Legacy Roots in Modern Observability

Take logging, for example. Many logging platforms today still rely on Lucene queries—a technology built in 1999 as a full-text indexing engine. While Lucene may be great for indexing text, it’s far from optimized for handling the complex, fast-paced, and human-centric needs of today’s production environments. The same can be said for many other observability tools, which were built for storing and indexing data rather than empowering engineers to resolve issues efficiently.

Additionally, the explosion of observability tools has created its own set of challenges. In 2024, the average company uses no fewer than 15 observability products to monitor their systems. This has led to increased complexity, as engineers juggle multiple interfaces, tools, and data formats. Some of the bigger players in the observability space are pushing for consolidation—integrating many features under one umbrella. But this often comes at the cost of vendor lock-in, which prevents organizations from choosing the best tool for each job.

Lock-in also means paying sky-high prices. Some vendors are infamous for costing more than the cloud infrastructure they monitor! While OpenTelemetry (OTel) is a fantastic step toward breaking down some of these barriers, it only addresses data ingestion. The real question is: what about consumption?
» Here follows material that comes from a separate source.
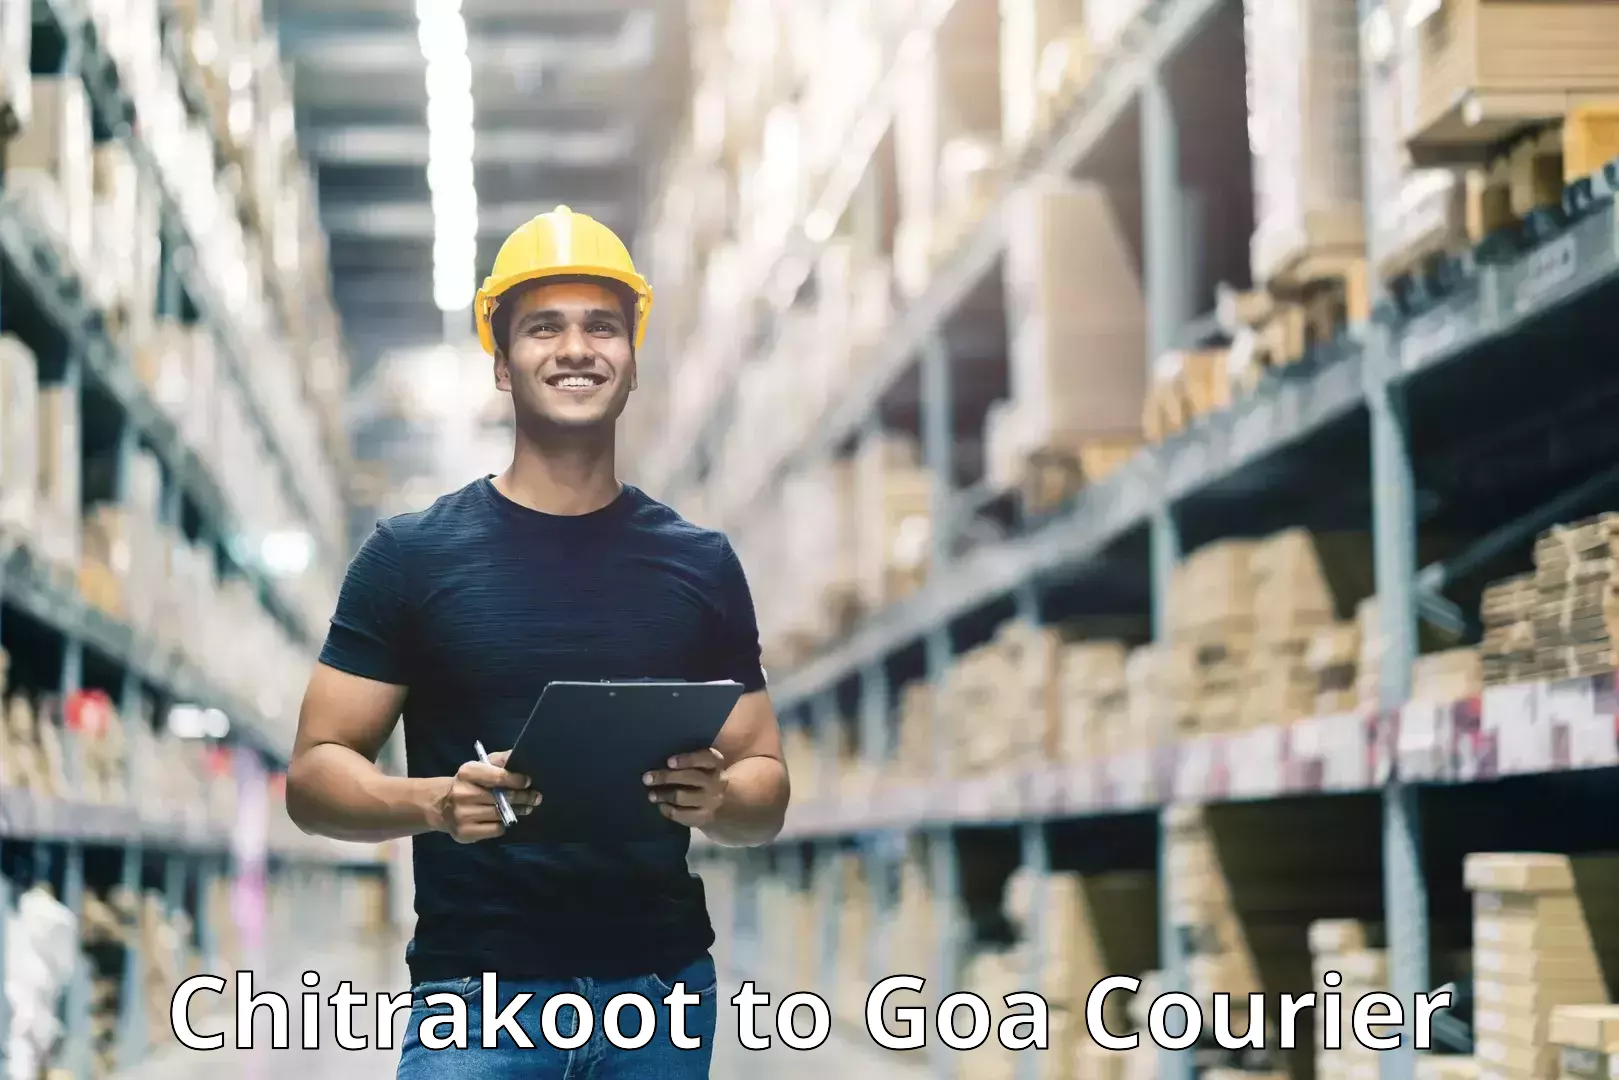 Customer-oriented courier services Chitrakoot to Mormugao Port

The Consumption Gap in Observability

OpenTelemetry has made it easier to avoid re-instrumenting code and replacing agents, but it leaves a significant gap when it comes to the consumption of that data. Once a company is invested in a particular observability tool, switching becomes a massive ordeal—not just in terms of setting up new queries, dashboards, and alerts, but in retraining engineers who are accustomed to working with a specific interface and workflow.
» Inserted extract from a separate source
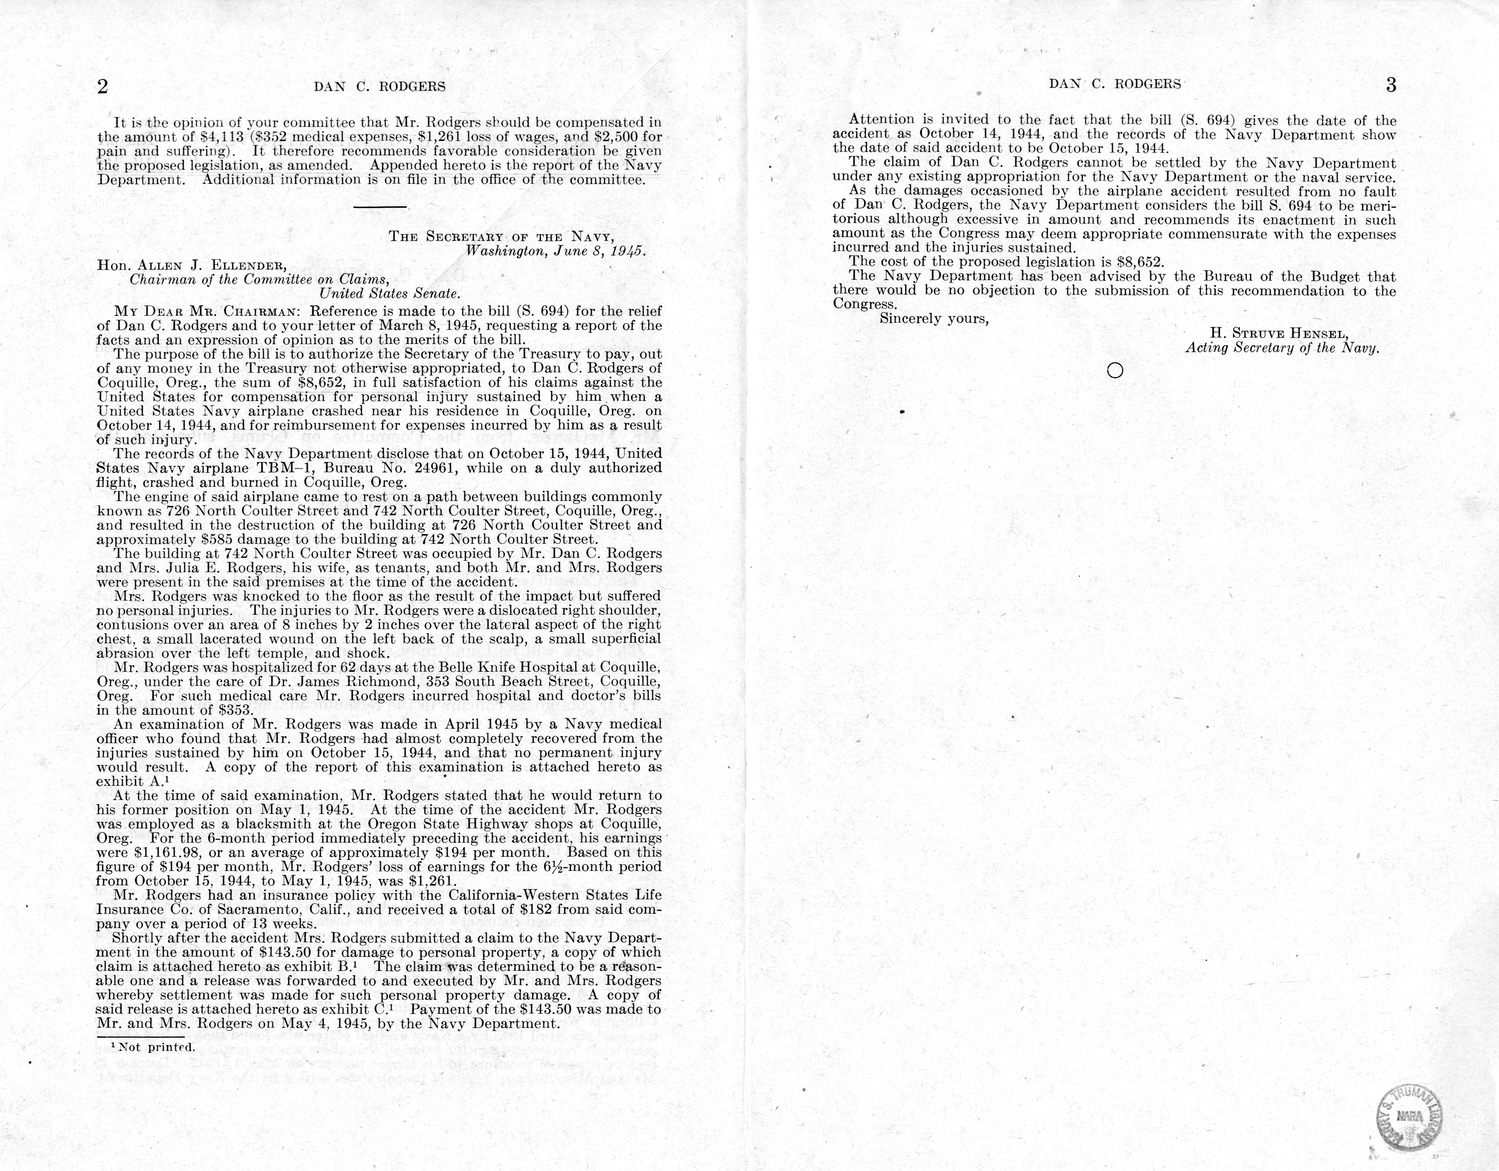 Memorandum from Frederick J. Bailey to M. C. Latta, S. 694, For the Relief of Dan C. Rodgers, with Attachments

This is where many organizations find themselves stuck. Despite the promise of open standards, they’re either trapped by large incumbents or find themselves in a perpetual transition phase, maintaining multiple tools for essentially the same purpose. It’s an expensive and inefficient way to work.

The Power of Decoupling

The good news? There’s a way out—and it lies in one of engineers’ favorite concepts: decoupling.

Today’s observability tools conflate the task of ingesting, indexing, and storing data with that of consuming it during production work. These are fundamentally different problems. The key to unlocking a more efficient, human-centric approach to observability is to decouple them.

An example of this decoupling can be found in Grafana, which separates visualizations from the data sources. But even Grafana is largely used within its own ecosystem for logs, metrics, and traces, and falls short of a true decoupling that prioritizes production work.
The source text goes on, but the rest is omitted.